2. Entropy of Hamming Code
Hamming codes are error-correcting codes used in AI data transmission and gaming networks. Consider 4 information bits X1-X4 chosen uniformly at random, plus 3 check bits X5-X7 to make parity even. The check bits satisfy equations like X1+X2+X4+X7=0 mod 2.
a) H(X1,...,X7)
Since the 4 information bits are independent and uniform, H(X1,...,X4)=4 bits. The check bits are deterministic functions of the information bits, so H(X1,...,X7)=H(X1,...,X4)=4 bits.
b) Perfect Error Correction
If an error occurs in at most one bit, we can recover the original X from Y = X ⊕ e. The parity checks uniquely identify the error location (syndrome decoding). This is why Hamming codes are used in computer memory and satellite communications.
c) H(X|Y)
Given Y, we can perfectly recover X, so H(X|Y)=0.
d) I(X;Y)
I(X;Y) = H(X) - H(X|Y) = 4 - 0 = 4 bits.
e) H(Y)
Since Y = X ⊕ e, and e is independent with 8 equally likely possibilities (including no error), H(Y) = H(X) + H(e) = 4 + log2(8) = 4 + 3 = 7 bits.
This problem is a classic in error-correcting codes and appears in many university problem sets.
3. Entropy of Functions of a Random Variable
Let X be a discrete random variable.
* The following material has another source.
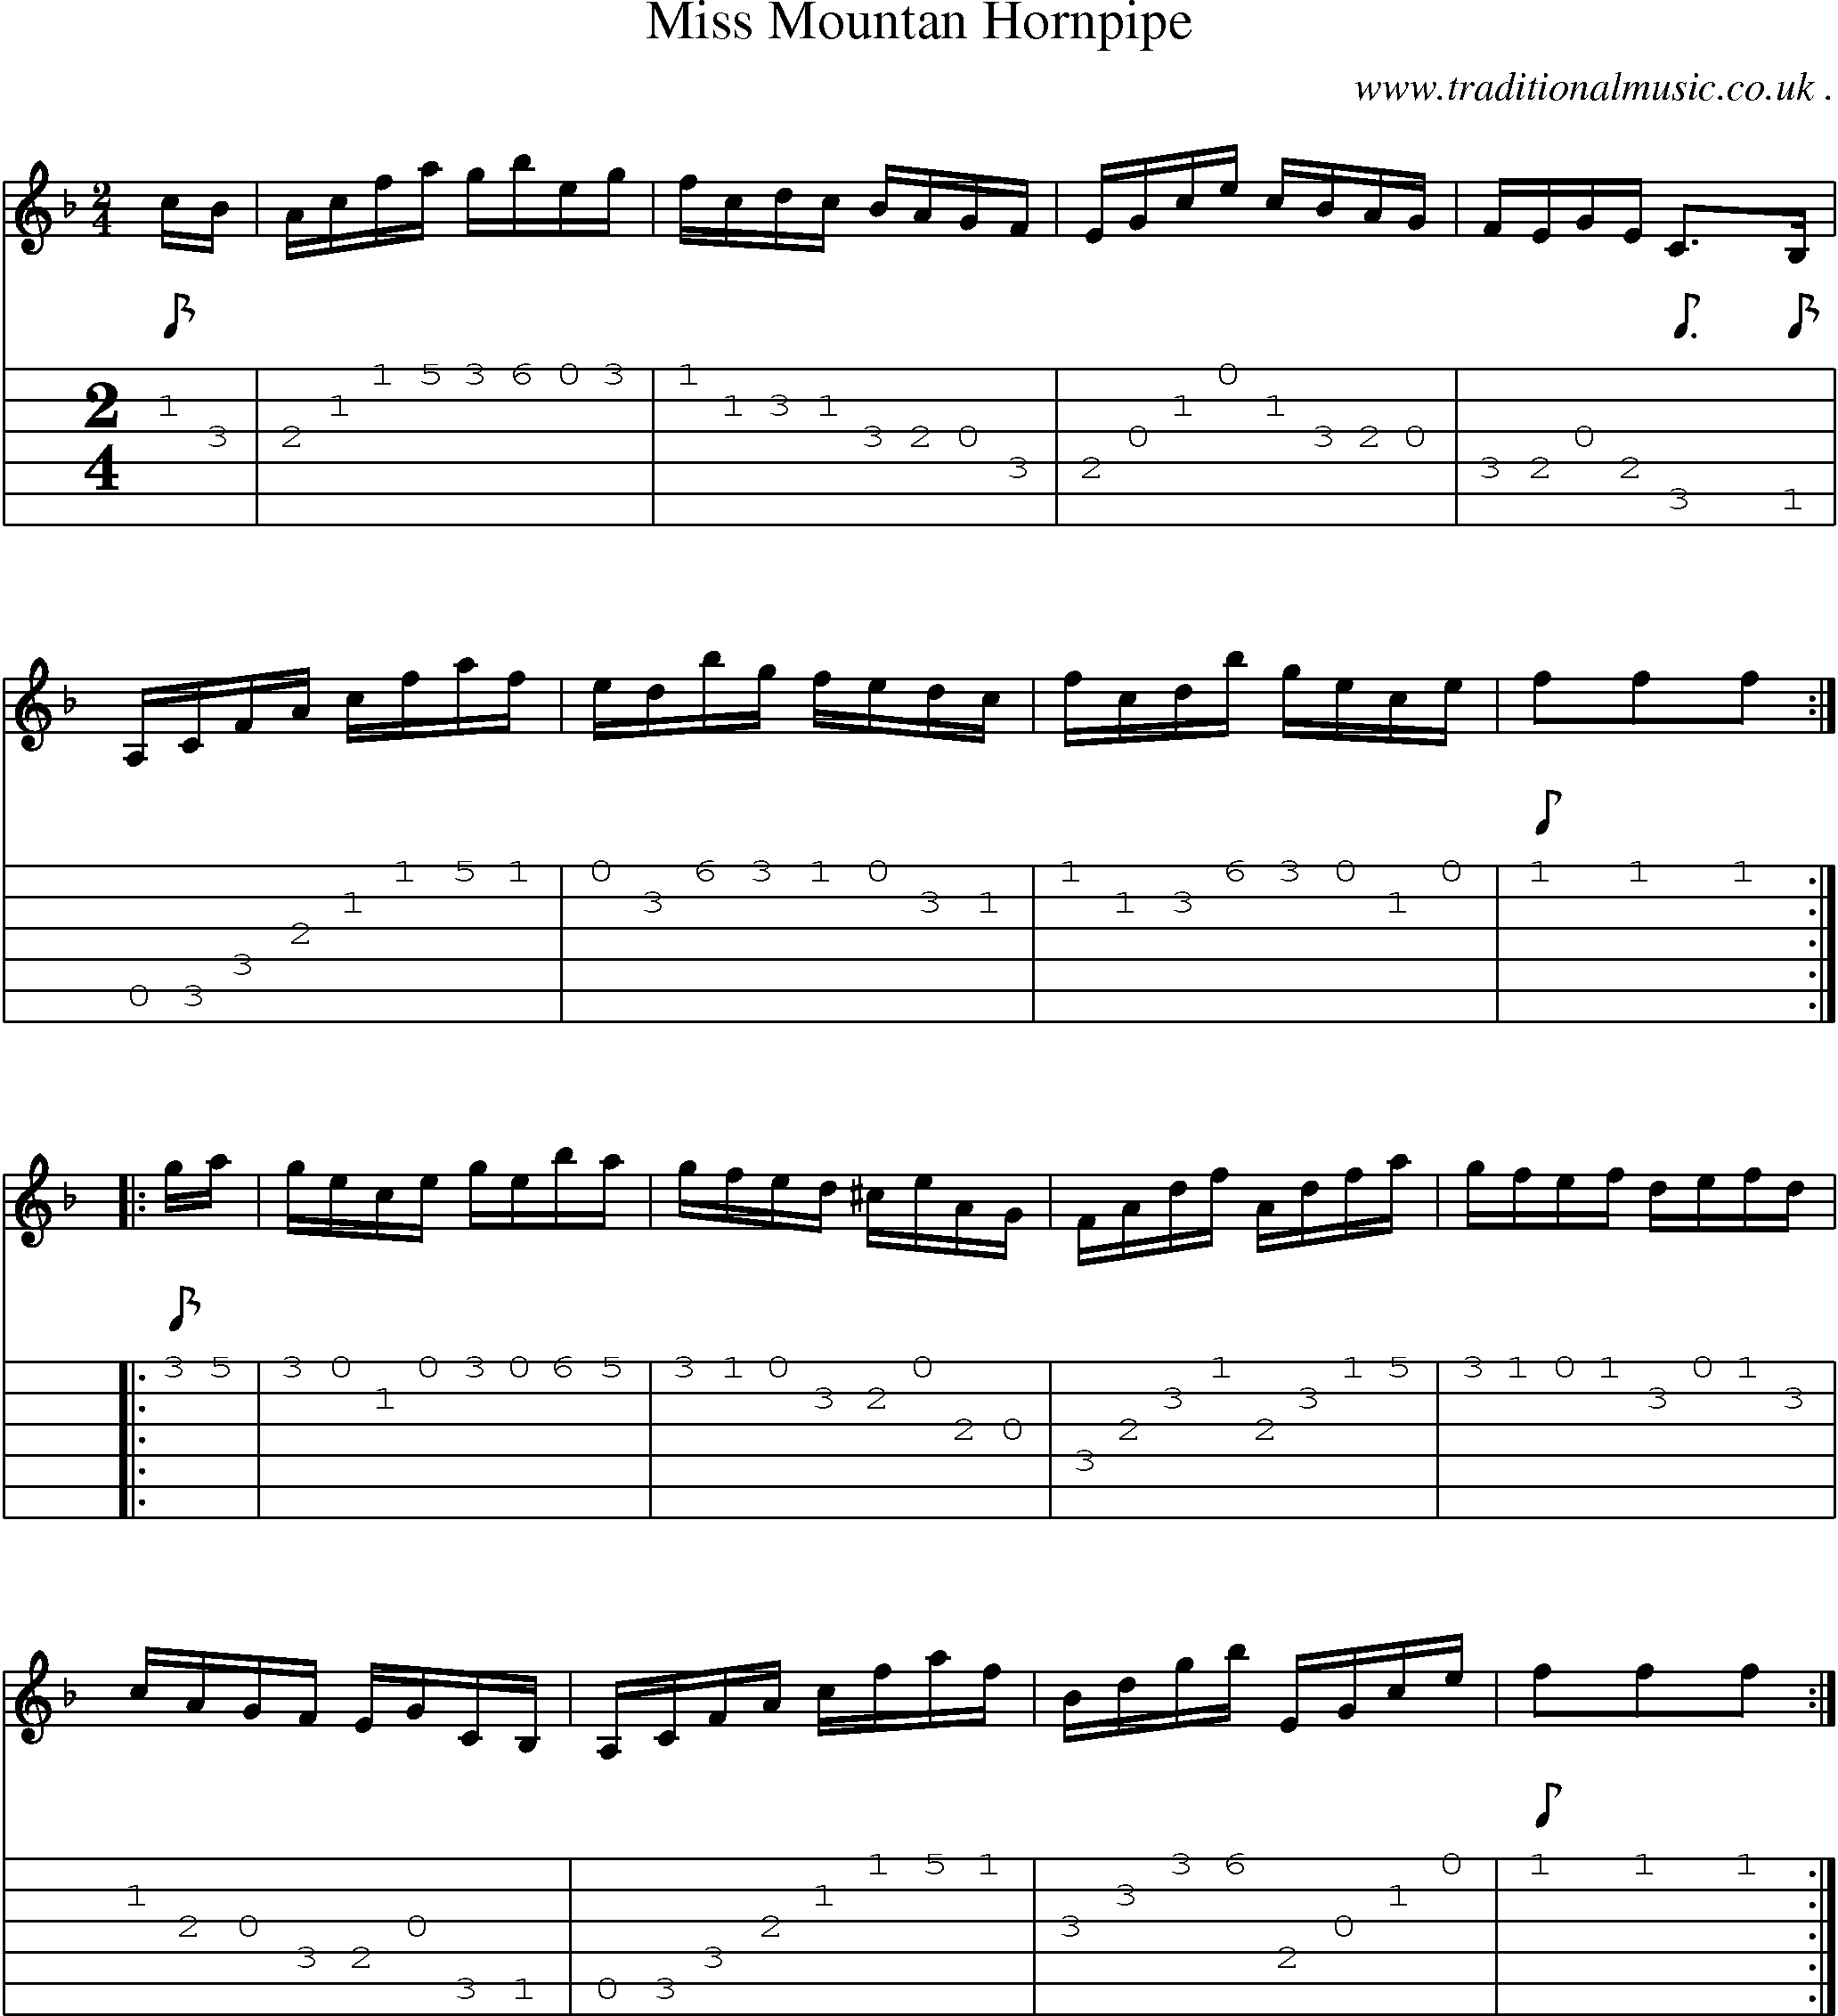 Sheet-Music and Guitar Tabs for Miss Mountan Hornpipe

Show that H(g(X)) ≤ H(X). This is intuitive: a function cannot create new information; it can only reduce or maintain uncertainty.
Proof steps:
- H(X, g(X)) = H(X) + H(g(X) | X) = H(X) because g(X) is determined by X.
- Also H(X, g(X)) = H(g(X)) + H(X | g(X)) ≥ H(g(X)) because H(X | g(X)) ≥ 0.
- Thus H(X) ≥ H(g(X)).
This result is used in machine learning feature engineering and data compression.
4. Coin Flips: Geometric Distribution
A fair coin is flipped until first head. Let X be the number of flips. Then P(X=n) = (1/2)^n for n=1,2,... This is the geometric distribution with parameter 1/2. Its entropy H(X) = Σ (1/2)^n log2(2^n) = 2 bits. (You can compute using sum of n/2^n = 2.)
Efficient Questions
To determine X, we can ask yes-no questions like "Is X ≤ 2?" The optimal strategy is binary search, but since the distribution is geometric, a Huffman code gives expected length ≈ H(X) = 2 bits. This illustrates source coding and data compression used in streaming services.
5. Minimum Entropy
What is the minimum entropy over all probability distributions on n outcomes? Since entropy is nonnegative and concave, the minimum is 0, achieved when all probability mass is on one outcome (i.e., p_i=1 for some i, and 0 elsewhere). This corresponds to a deterministic variable.
6. Mixing Increases Entropy
Let p_i > 0. Show that entropy increases when you redistribute probability mass more evenly. For example, the distribution (p1, p2, ..., pm) has lower entropy than (p1, ..., pi-ε, ..., pj+ε, ...) if the latter is more uniform. This is a consequence of Jensen's inequality and explains why diversity increases entropy in ecosystems and investment portfolios.
7. Infinite Entropy (Bonus)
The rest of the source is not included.